И все это опять-таки подстроил Нортон.
Вы видели, как Аллертон поцеловал Джудит. После чего Нортон ловко завладевает вашим вниманием, оттаскивает вас за угол. Он позволяет вам снова выглянуть из укрытия только для того, чтобы вы мельком могли увидеть свидание в беседке Аллертона и сестры Крейвен (ему каким-то образом стало известно об их свидании — подслушал, наверное), когда те договаривались о встрече в Лондоне (фраза Аллертона, которую вы услышали, очень устраивала Нортона). При этом он снова сдерживает вас и оттаскивает, чтобы вы не смогли вмешаться и не разглядели женщину, узнав в ней сестру Крейвен…

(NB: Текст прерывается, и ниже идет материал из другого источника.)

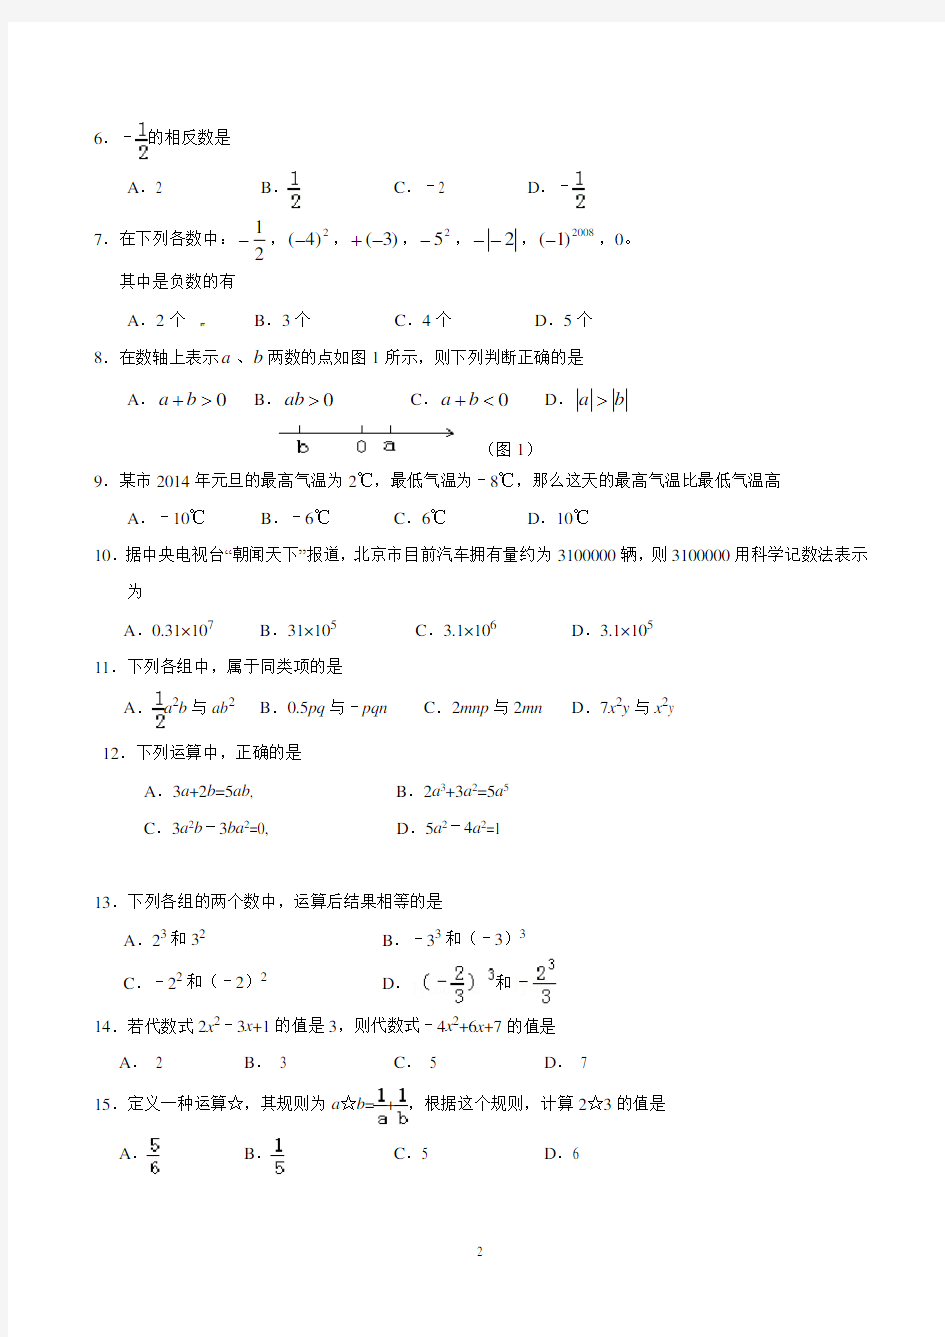 初一级上学期期中考试数学试卷含答案(共3套,北师大版)

Да, Нортон — виртуоз, и ваша реакция следует незамедлительно. Вы отвечаете на его „игру“ всеми „струнами вашей души“. Вы решаетесь на убийство.
Однако, по счастью, Гастингс, у вас есть друг, чей мозг работает гораздо лучше вашего. И не только мозг!
В самом начале повествования я уже говорил, что вы, Гастингс, — святая простота. Вы всегда верите тому, что вам говорят. И поверили в то, что сказал вам я…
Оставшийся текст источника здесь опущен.